#### Task prompt
The expected answer is the set of lines in the data below between the line holding "It's not ghosts" and the line holding "background. Stock Photo", inclusive, written out exactly.

#### Exercise input
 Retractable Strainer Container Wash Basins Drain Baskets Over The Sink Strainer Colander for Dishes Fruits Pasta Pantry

--

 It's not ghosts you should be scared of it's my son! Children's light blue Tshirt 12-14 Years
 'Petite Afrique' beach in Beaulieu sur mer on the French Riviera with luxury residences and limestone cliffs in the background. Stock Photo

#### Output of the task
 It's not ghosts you should be scared of it's my son! Children's light blue Tshirt 12-14 Years
 'Petite Afrique' beach in Beaulieu sur mer on the French Riviera with luxury residences and limestone cliffs in the background. Stock Photo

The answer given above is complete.